- REQUIREMENT -
Set out exactly, line by line, the stretch of data below that begins at the line containing "Stampe Da Cucina" and ends at the line containing "Five Piece Bathroom Set", with both ends kept.

** Opening RECORDED INFORMATION block **

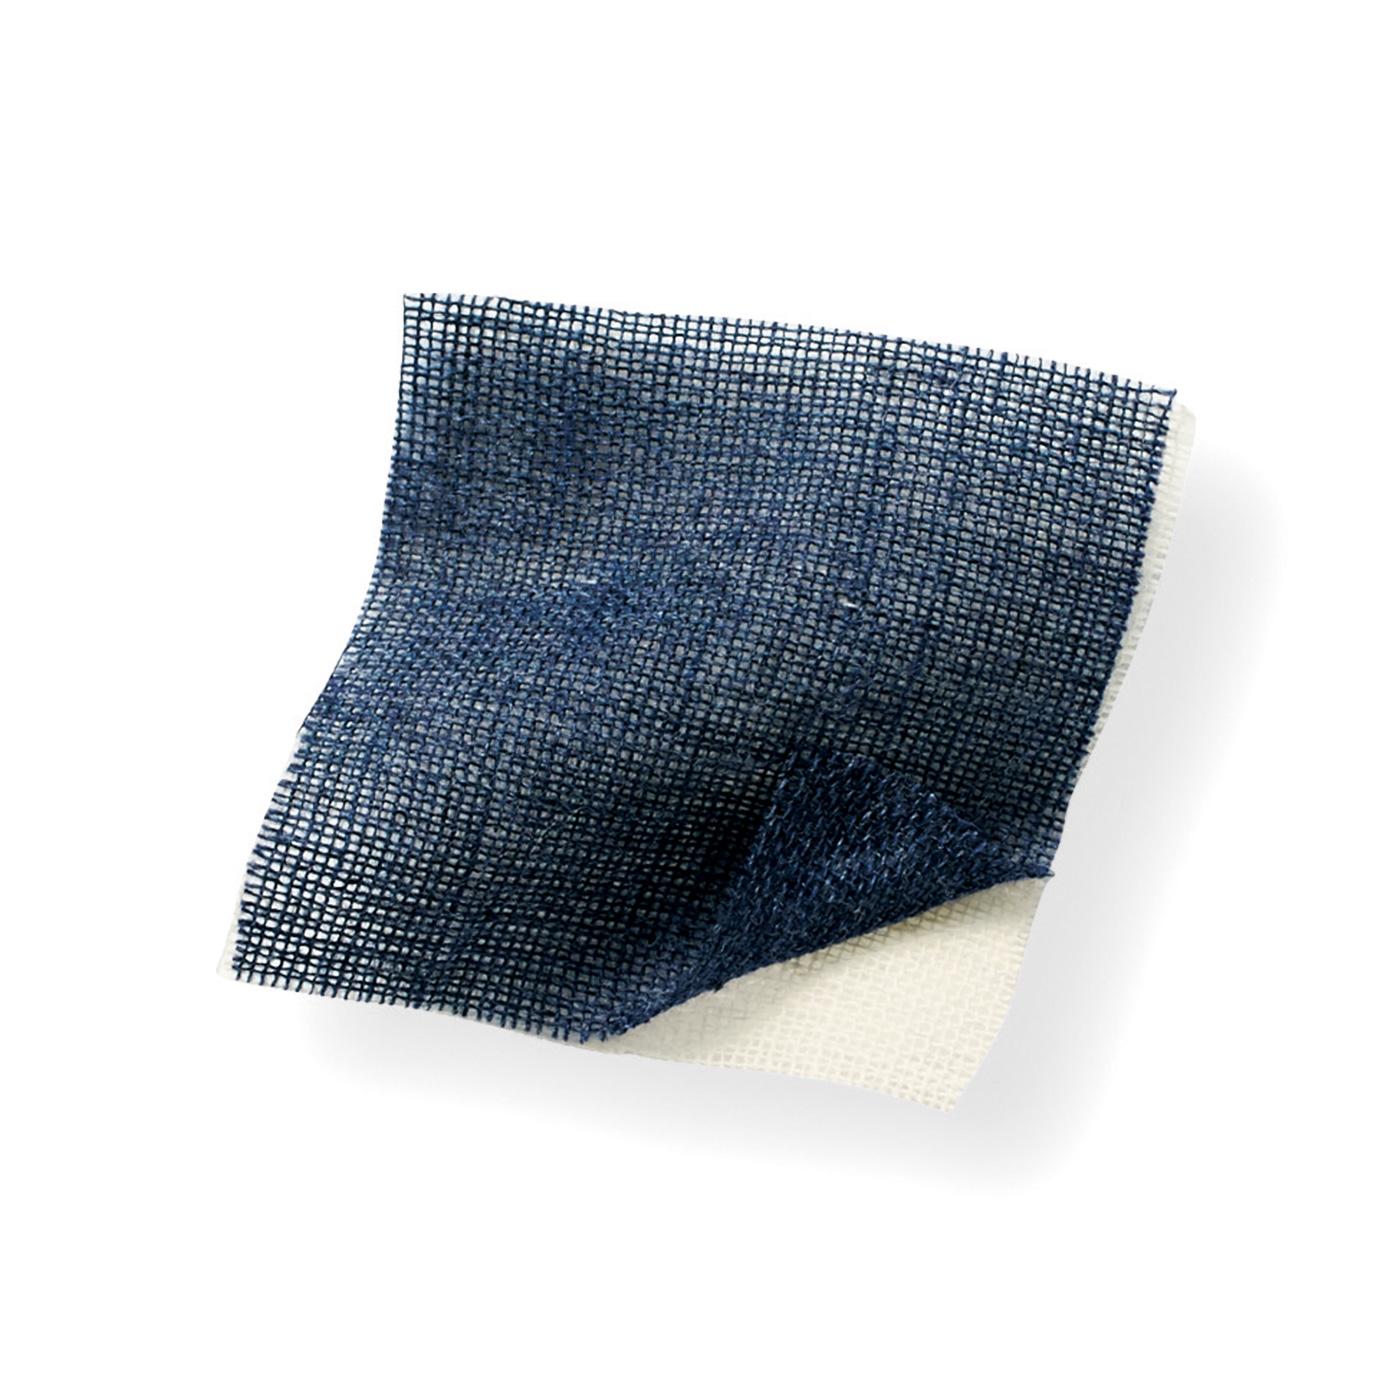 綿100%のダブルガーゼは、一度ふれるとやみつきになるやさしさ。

** Closing RECORDED INFORMATION block **
** Opening RECORDED INFORMATION block **

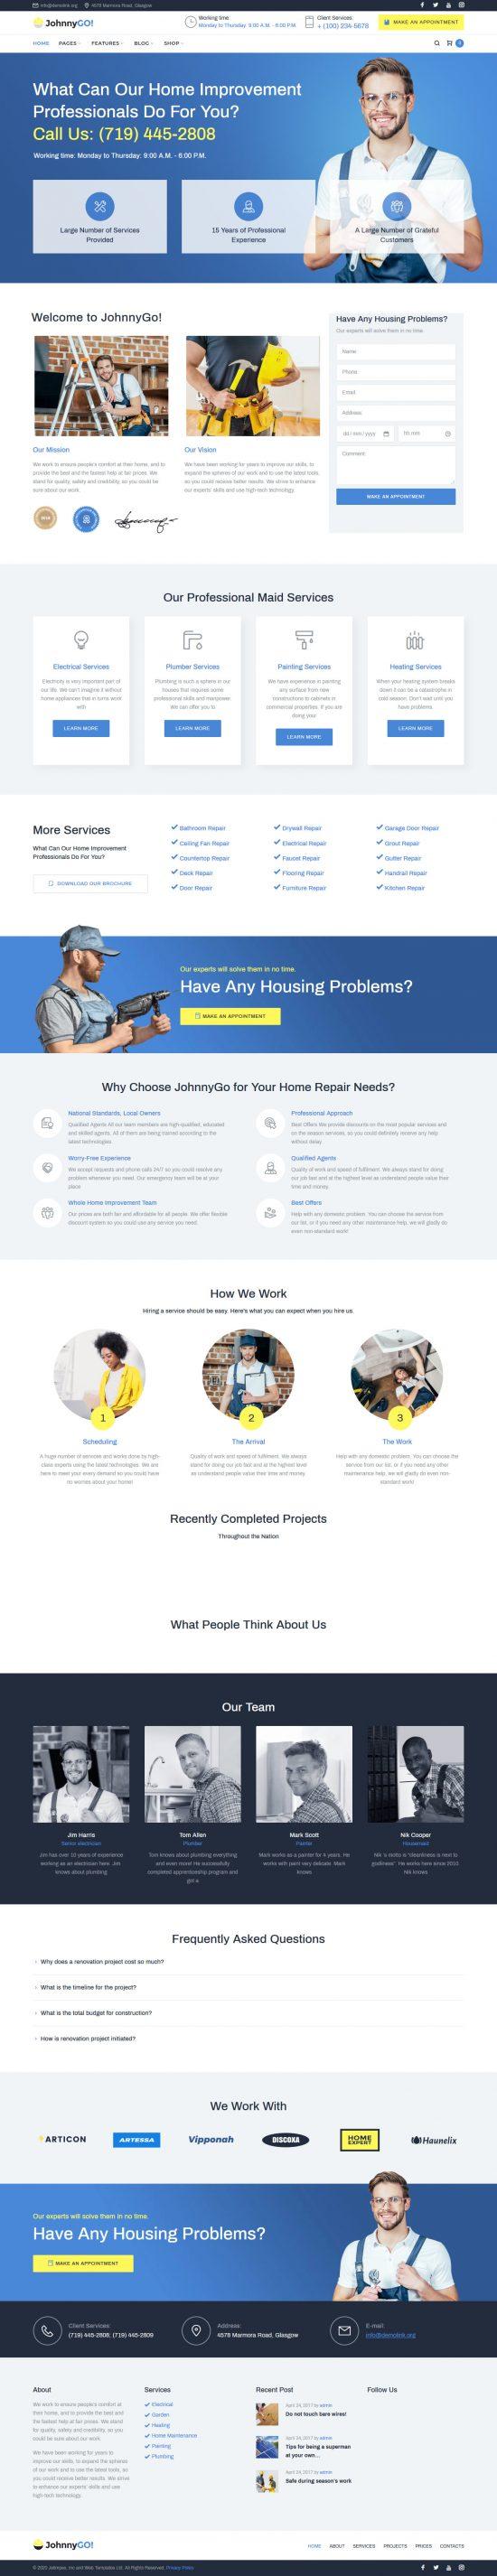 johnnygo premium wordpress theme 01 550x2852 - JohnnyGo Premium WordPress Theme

** Closing RECORDED INFORMATION block **
** Opening RECORDED INFORMATION block **

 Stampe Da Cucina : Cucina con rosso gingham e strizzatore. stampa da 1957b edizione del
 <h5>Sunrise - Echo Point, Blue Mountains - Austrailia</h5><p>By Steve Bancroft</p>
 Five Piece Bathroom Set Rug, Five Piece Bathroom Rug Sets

** Closing RECORDED INFORMATION block **

- TASK ANSWER -
 Stampe Da Cucina : Cucina con rosso gingham e strizzatore. stampa da 1957b edizione del
 <h5>Sunrise - Echo Point, Blue Mountains - Austrailia</h5><p>By Steve Bancroft</p>
 Five Piece Bathroom Set Rug, Five Piece Bathroom Rug Sets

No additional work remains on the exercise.